Testing the cluster hypothesis in distributed information retrieval

  • Authors:
  • Fabio Crestani;Shengli Wu

  • Affiliations:
  • Department of Computer and Information Sciences, University of Strathclyde, Glasgow, UK;School of Computing and Mathematics, University of Ulster, Belfast, UK

  • Venue:
  • Information Processing and Management: an International Journal
  • Year:
  • 2006

Quantified Score

Hi-index 0.00

Visualization

Abstract

How to merge and organise query results retrieved from different resources is one of the key issues in distributed information retrieval. Some previous research and experiments suggest that cluster-based document browsing is more effective than a single merged list. Cluster-based retrieval results presentation is based on the cluster hypothesis, which states that documents that cluster together have a similar relevance to a given query. However, while this hypothesis has been demonstrated to hold in classical information retrieval environments, it has never been fully tested in heterogeneous distributed information retrieval environments.
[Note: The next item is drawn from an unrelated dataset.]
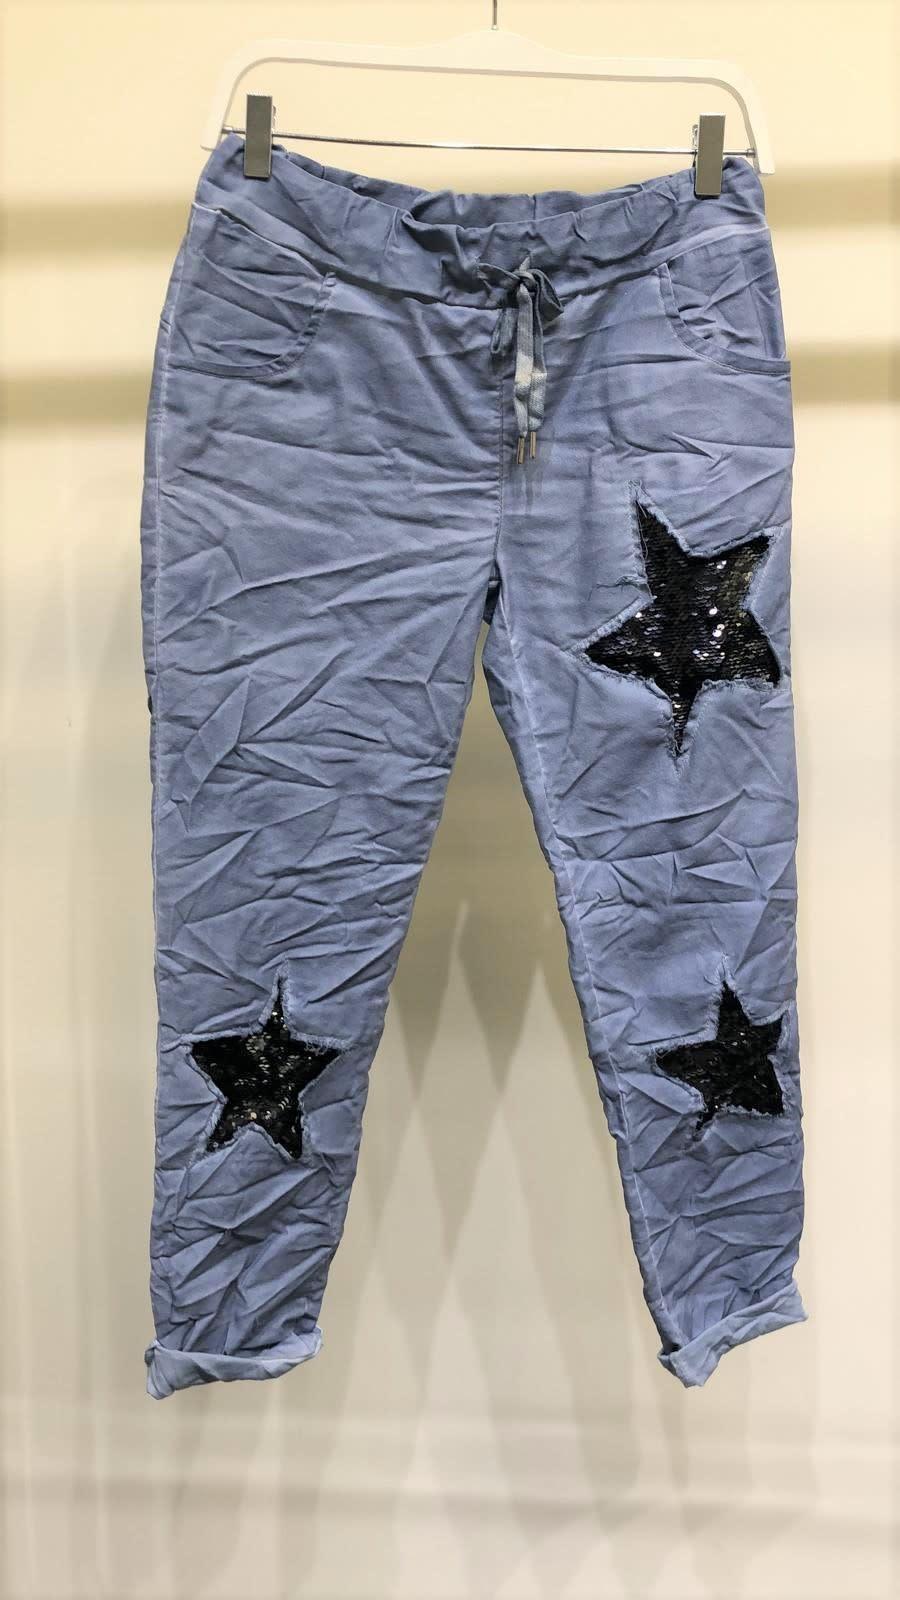 Sequin Star Crinkle Jogger

Heterogeneous document representations, the presence of document duplicates, and disparate qualities of retrieval results, are major features of an heterogeneous distributed information retrieval environment that might disrupt the effectiveness of the cluster hypothesis. In this paper we report on an experimental investigation into the validity and effectiveness of the cluster hypothesis in highly heterogeneous distributed information retrieval environments. The results show that although clustering is affected by different retrieval results representations and quality, the cluster hypothesis still holds and that generating hierarchical clusters in highly heterogeneous distributed information retrieval environments is still a very effective way of presenting retrieval results to users.